# Time to Drive, DC to PV



## alexdz (Nov 18, 2012)

Last Friday was my last day at work, so I guess I'm officially retired. In two weeks it will be time to hit the road to Puerto Vallarta, which feels tight with much left to do, but ready or not...

I want to start planning the road trip and there's one thing I've been concerned about, that being the car during overnight stops. What's left of my possessions will be in that thing, and although there's nothing I can't live without (I've even scanned all my old photos and have digital copies) I would just as soon try to hold on to it. So what accommodations would provide the best overnight security, US and Mexico?

I'm going to be stopping first in Jacksonville, NC to visit my #1 son and then heading west from there, to the Nuevo Laredo crossing and then probably the route via Guadalajara to PV (would anyone recommend the Mazatlan route yet in view of the new roads?). Any advice on preferred chains or specific motels would be greatly appreciated.

I can't believe this is actually happening.


----------



## dbender (Jun 24, 2013)

We've driven from Nuevo Laredo to Puerto Vallarta and back twice. Once we crossed the border first thing in the morning and drove all the way to Tonala, just outside Guadalajara, in one day (about 13 hours?). Then about 5 hours to PV the next day.
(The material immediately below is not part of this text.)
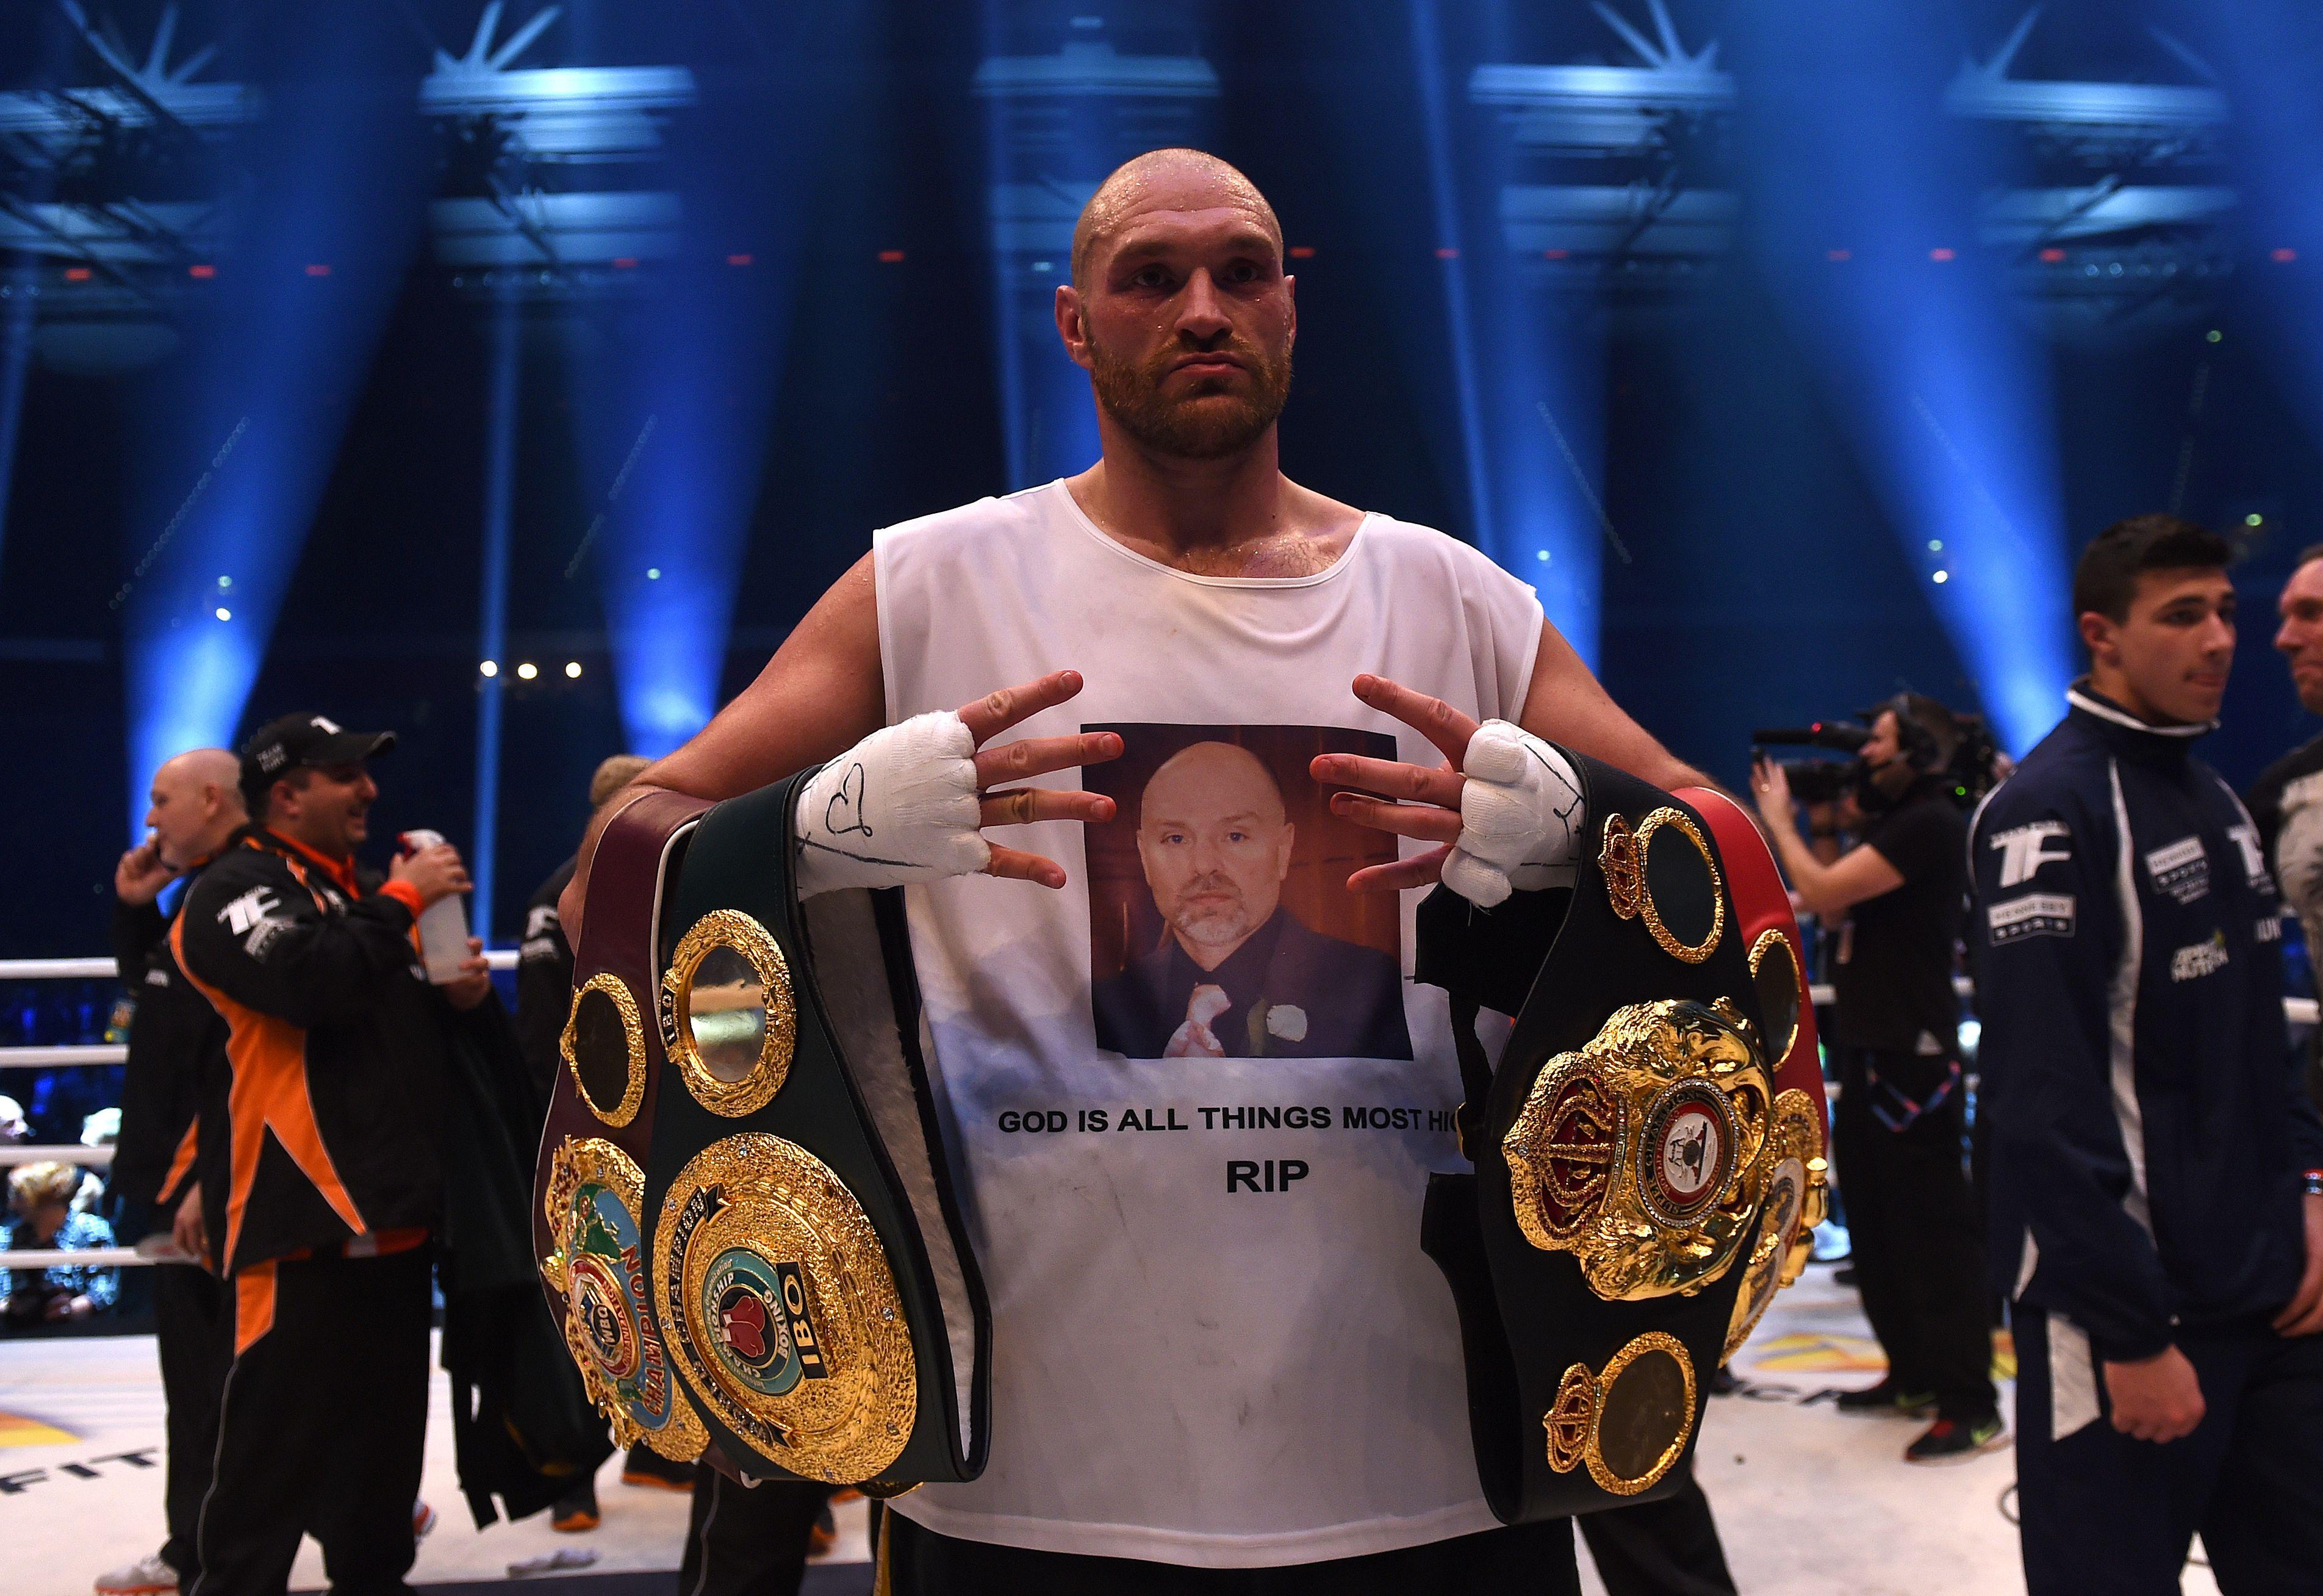 Boxe - Tyson Fury abandonne ses titres de champion du Monde

We stayed in a hotel in Tonala that had a gated and lighted parking area, and our car was in view from the front desk. I could probably find the name of the hotel if you're interested, but you probably want to divide the mileage differently.

On our last round trip, we left the south side of San Antonio early and crossed the border mid-morning. We stayed in Matehuala at the Las Palmas Midway Hotel. It is very popular with U.S. and Canadian drivers on that route. Parking is very secure, they have a nice restaurant, and I can easily recommend it. It also divides the driving from San Antonio to PV pretty evenly.

Enjoy your retirement.

Duane


----------



## chicois8 (Aug 8, 2009)

At the entrance and exit of most Mexican towns are no tell motels, they all have secure parking, in fact most all have a curtain to hide your car from view... Most are under 300 pesos a night...pets welcome...


----------



## alexdz (Nov 18, 2012)

Thanks much for the info. I figure I'll make the stop at the Las Palmas, it sounds perfect. If it doesn't work out, the no-tell motels sound like a great option too. I seem to recall that you essentially drive into your room in some of them, so that would be good too.

Duane: Thank you, I'm looking forward to enjoying my retirement, but right now I just feel overwhelmed with all of this crap I have to get rid of. Soon enough a nice combination of tequila and sun will make it all worthwhile. Although it is the rainy season, so maybe just tequila.


----------